In my district, at the beginning of each school year, we spend a significant amount of time talking about our “data stories.” A dictionary definition of the word story yields the following: “a narrative, either true or fictitious, in prose or verse, designed to interest, amuse or instruct the reader or hearer.” In truth, our “data stories” are simply a collection of spreadsheets with the same annual standardized exam data, disaggregated in every possible configuration.

But what if we truly wrote and shared data stories each year? How might these narratives shift the culture and collaboration in our schools?

Despite 21st-century tools and social media outlets, so much of what we do in the teaching and learning business is still invisible, shrouded from those outside our classroom walls and school building doors. Standardized testing results are sometimes one of the few published aspects of a school’s “performance.” But these results are merely a short chapter (or footnote) in a school’s data story.

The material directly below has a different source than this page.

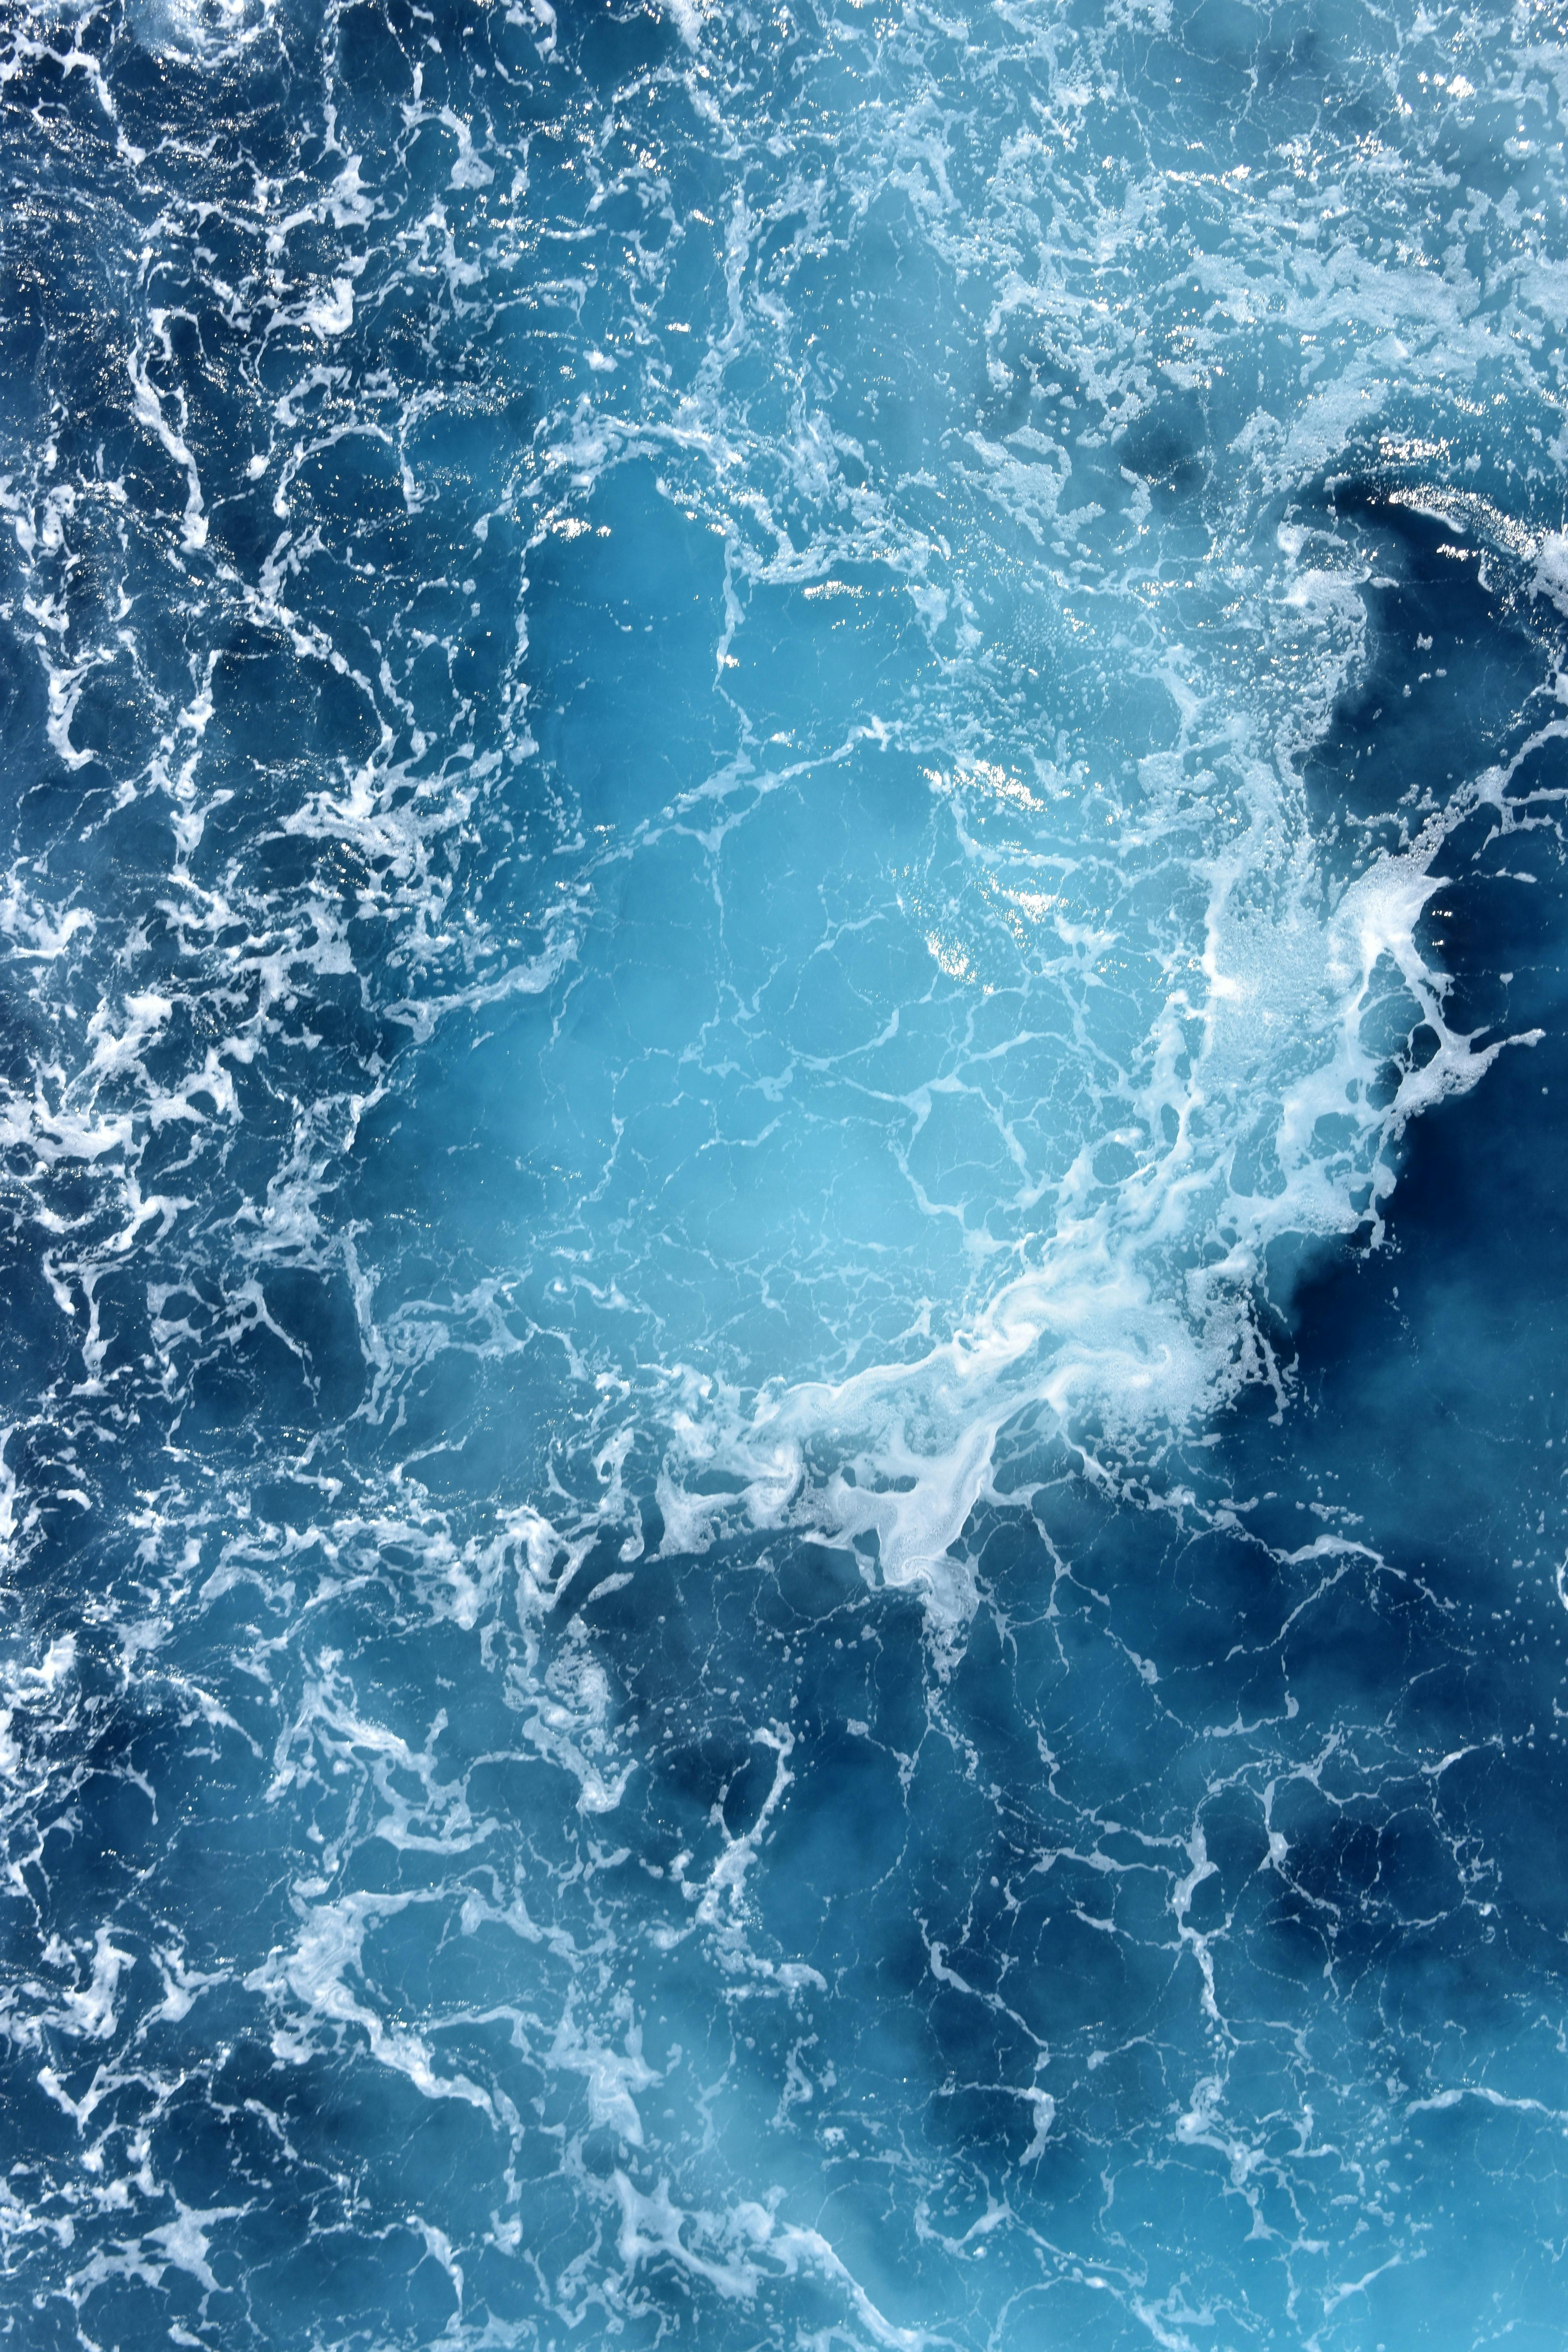 Blue Wallpapers: Free HD Download [500+ HQ] | Unsplash

A robust narrative would truly instruct the staff, students, and community the school serves. It would speak of successes and failures honestly, and open up a dialogue for the sequel—the following year’s narrative.

Such a story might contain first-hand accounts and interviews, video and audio clips, and portfolios of learning for each student. It would be rife with teacher reflections that include the risks taken and results yielded in various classroom experiments. It would tell tales of students solving problems, asking questions, engaging in rich discussions, and thinking critically across content areas and contexts. It would detail data on attendance and attrition. It would document goal setting and growth. It would unearth sub-plots of interruptions to instruction: fire drills, assemblies, bloody noses and broken hearts. There would be a whole chapter (or more) dedicated to character and conflict resolution.

And yes, there would be numbers—but the numbers would be buried in the many narrative strands of each student and staff member’s journey of learning.

If you truly told the data story of your school or classroom what would it say? Would it mirror the standardized testing data or reveal much more? If we were asked to tell our students’ data stories completely, in unabridged form, would there be any room for falsification or fictitious accounts?

Let’s start telling the whole data story.

Jessica Cuthbertson serves as a Center for Teaching Quality “teacherpreneur,” dividing her time between teaching 6th grade literacy at Vista PEAK Exploratory in Aurora, Colo. and supporting solutions-oriented efforts to improve Colorado’s schools.